Owner is required to manage integrations.
23. Can I assign permissions via the API?
Yes, you will be allowed to assign permissions via the Vantage API. Enterprise account users with the Owner role will be able to create access grants.
24. How is access for API keys determined?
API keys are scoped to a user. Whichever permissions are granted to that user are available for the API key. API Key scopes are still respected. A “read” API key will not be able to “write” items even if the user who generated the key has access to do.
25. Can I create a Write API Key if I don’t actually have any Editor permissions?
Yes, you can still generate this API key; however, it will not be able to access any items.
26. What happens if I accidentally remove all ownership from an item?
Any user with the Owner role will always be able to restore any permissions no matter the current permissions on an item.
27. Can I assign owners to a team so they can add or remove members?
Only users in the Owner role at the account level may add or remove members of a team.
28. What happens it the Owner leaves my company?
If you are unable to access an Owner account within your company, you can contact support@vantage.sh to resolve.
29. What is the experience if a user does not have permission to any reports?

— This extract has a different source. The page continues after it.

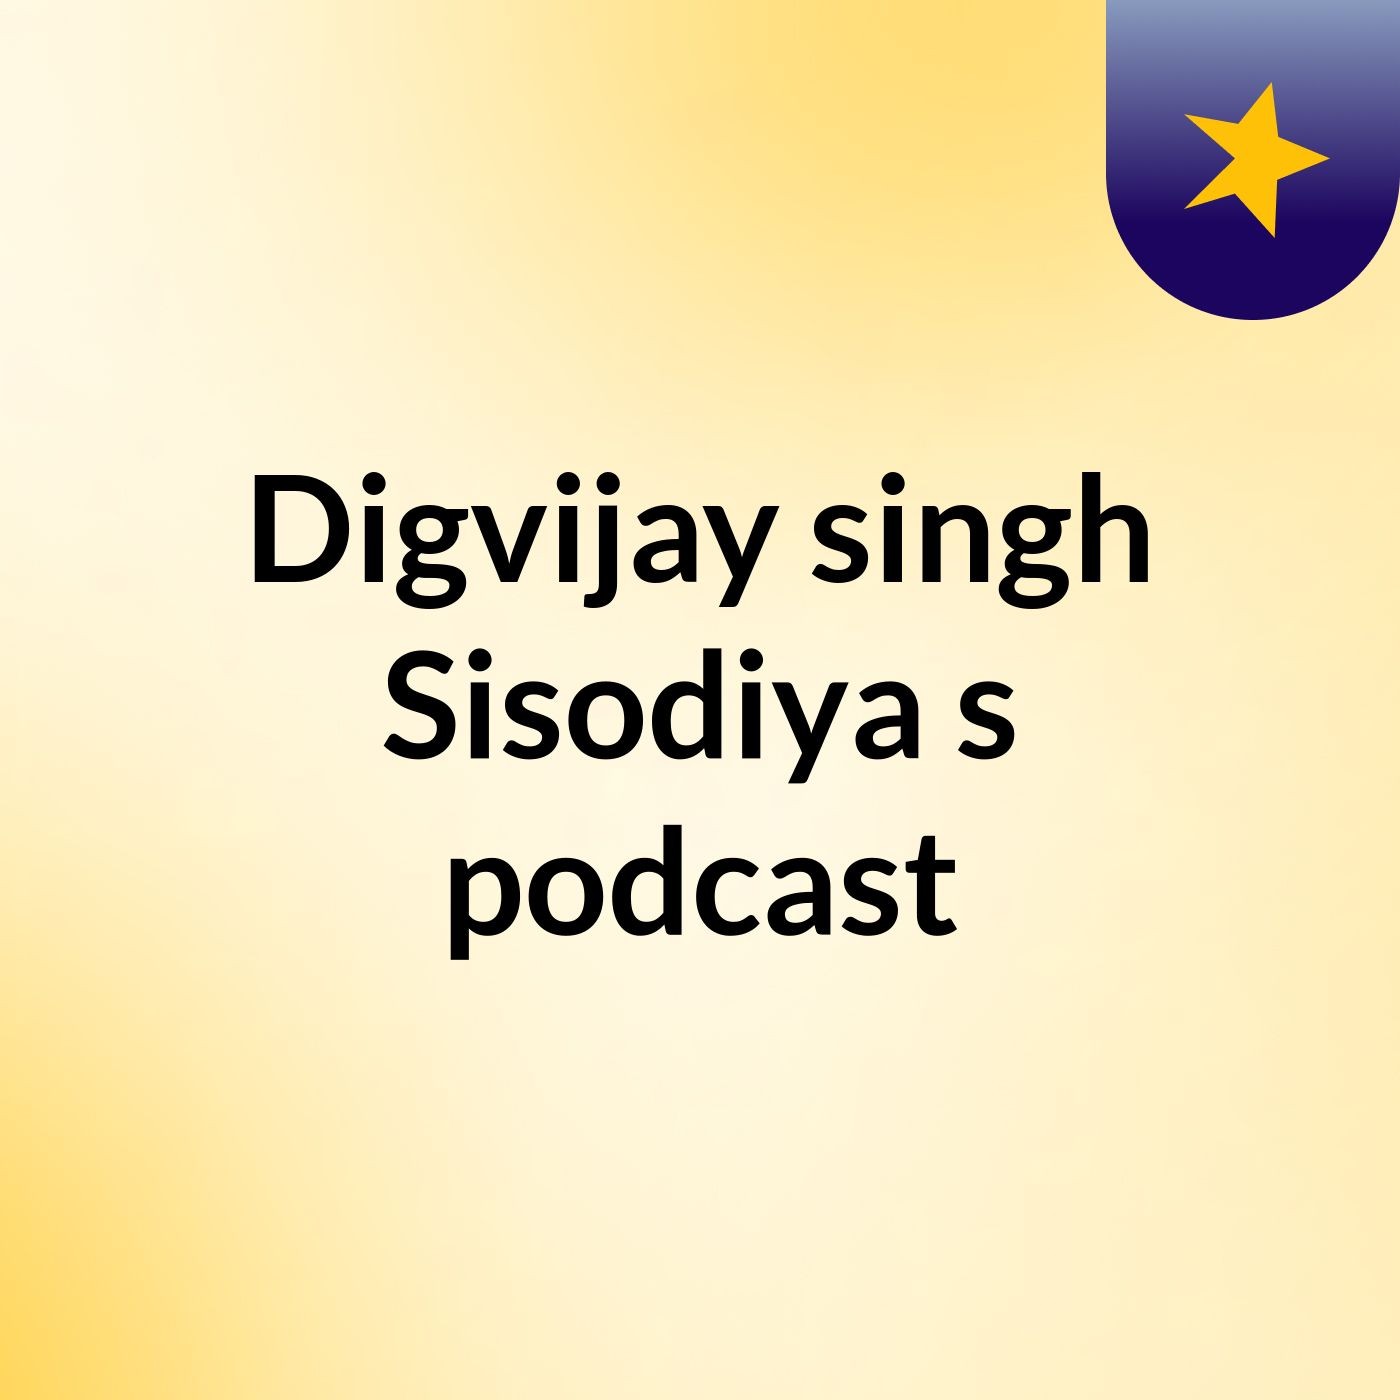 Episode 16 - Digvijay singh Sisodiya's podcast

If the user is not assigned to any team, they will be presented with a screen that informs them to contact one of their team’s owners.
If a user is on a team and that team is assigned to a workspace, but that team does not have access to any items they will be presented with the Overview page, but will not be able to see any items. If a user is redirected to a page they do not have access to, they will be presented with a view letting them know they do not have access.
30. Can I see all the access that a specific team has?
Yes, you can visit the page for any team and see the list of items and types of items that team has access to.